The government has been tackling these problems: for example, the pipe leakage rate has dropped from 20% a decade ago.
However, Taiwan's notoriously low water prices - blamed for giving consumers little incentive to conserve water - seem untouchable. Some say it's because it would be very unpopular to raise prices and politicians are afraid to do so because they don't want to lose votes.
At NT$11 (US$0.39; £0.27) a ton, Taiwan's water rates are the second lowest among 35 countries and territories surveyed; half the cost of South Korea's rate, four times lower than that of the US and six times lower than costs in the UK.
The Water Resources Agency says: "Due to the economic and social development and the fairness of social resources, it is still being carefully evaluated and there is no mature adjustment plan for the time-being."
Instead, it's looking at Taiwan's surrounding waters for solutions, planning to build more seawater desalination plants. Most are located in outlying islands, with only three on Taiwan's main island. A new facility has been built in Hsinchu to deal with the current drought, but it can only treat 13,000 tons of water daily, a drop in the bucket compared to the 170,000 tons used each day just by Hsinchu Science Park, where many semiconductor makers are based.
Desperate for rain, the government has tried to manipulate nature by carrying out cloud seeding numerous times, while officials from the Irrigation Agency held a rain worshipping ceremony in early March at which they prayed for help from Mazu, a sea goddess in Taoist and Buddhist traditions.
It's hoping the annual rainy season, which normally lasts from mid-May to mid-June, will bring lots of showers.

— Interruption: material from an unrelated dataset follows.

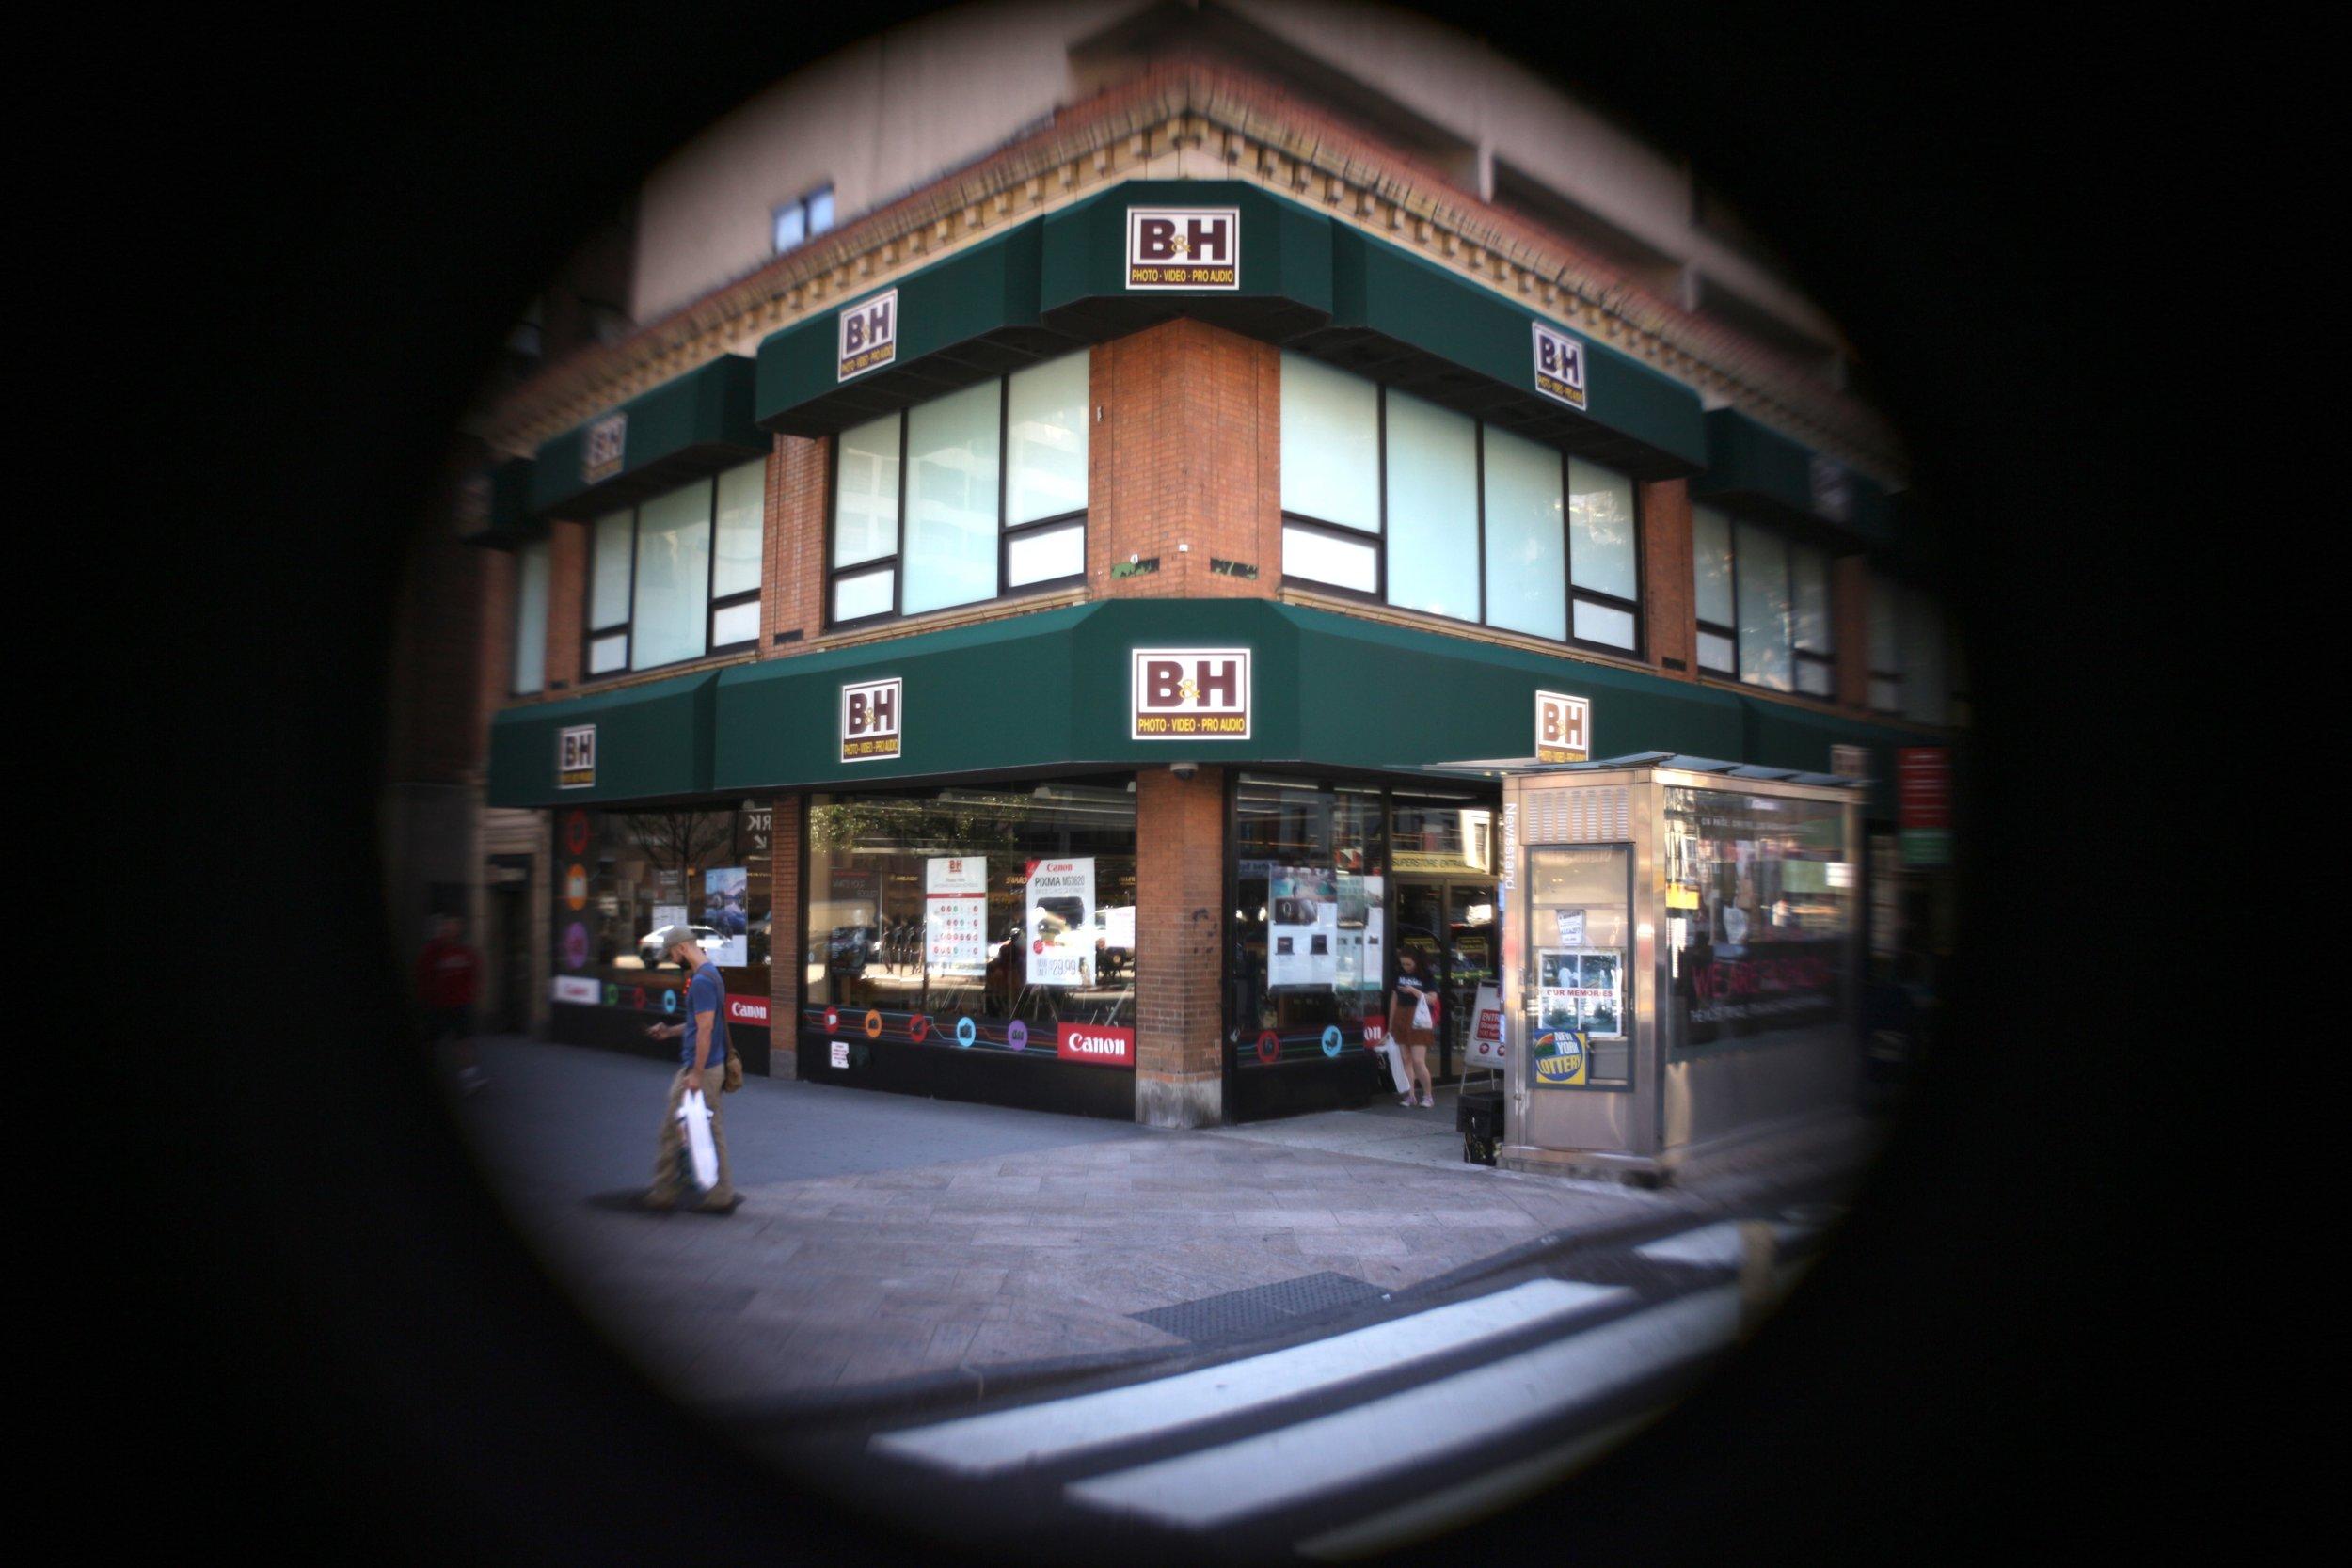 Film Camera Buying Guide B&H Photo Video

But it shouldn't get its hopes up. Last year, by May the rainy season was over and not enough rain had fallen.
For now, people with no tap water fill up their buckets twice a week in advance, or fetch water from tanks set up on the street on the off days.
TSMC and other chipmakers are planning for the worst. They are recycling more of the water they use - TSMC says it recycles more than 86%. The company is also buying truckloads of water from construction sites and other places. So far, it says, its operations have not been affected.
Kuo Yao-cheng, a spokesman for the Water Resources Agency, says everyone will have to pitch in to resolve this issue.
"The government is taking measures to address these problems. … Everyone and every sector must think about how we can conserve water, especially because climate change will lead to insufficient rainfall," says Mr Kuo.
For his part, Farmer Chuang has taken to growing watermelons and sunflowers, which require less water. He pumps ground water from the well he has dug in his farm to water his plants. But he believes sacrificing farming every time there's a drought will only worsen Taiwan's already low food self-sufficiency rate - the amount of food its people consume that is locally grown and not imported from overseas.
"We have to find a long-term solution to this problem," Mr Chuang says.
If Taiwan doesn't rise to the challenge, both its farms and its prized semiconductor industry can expect to suffer in years to come.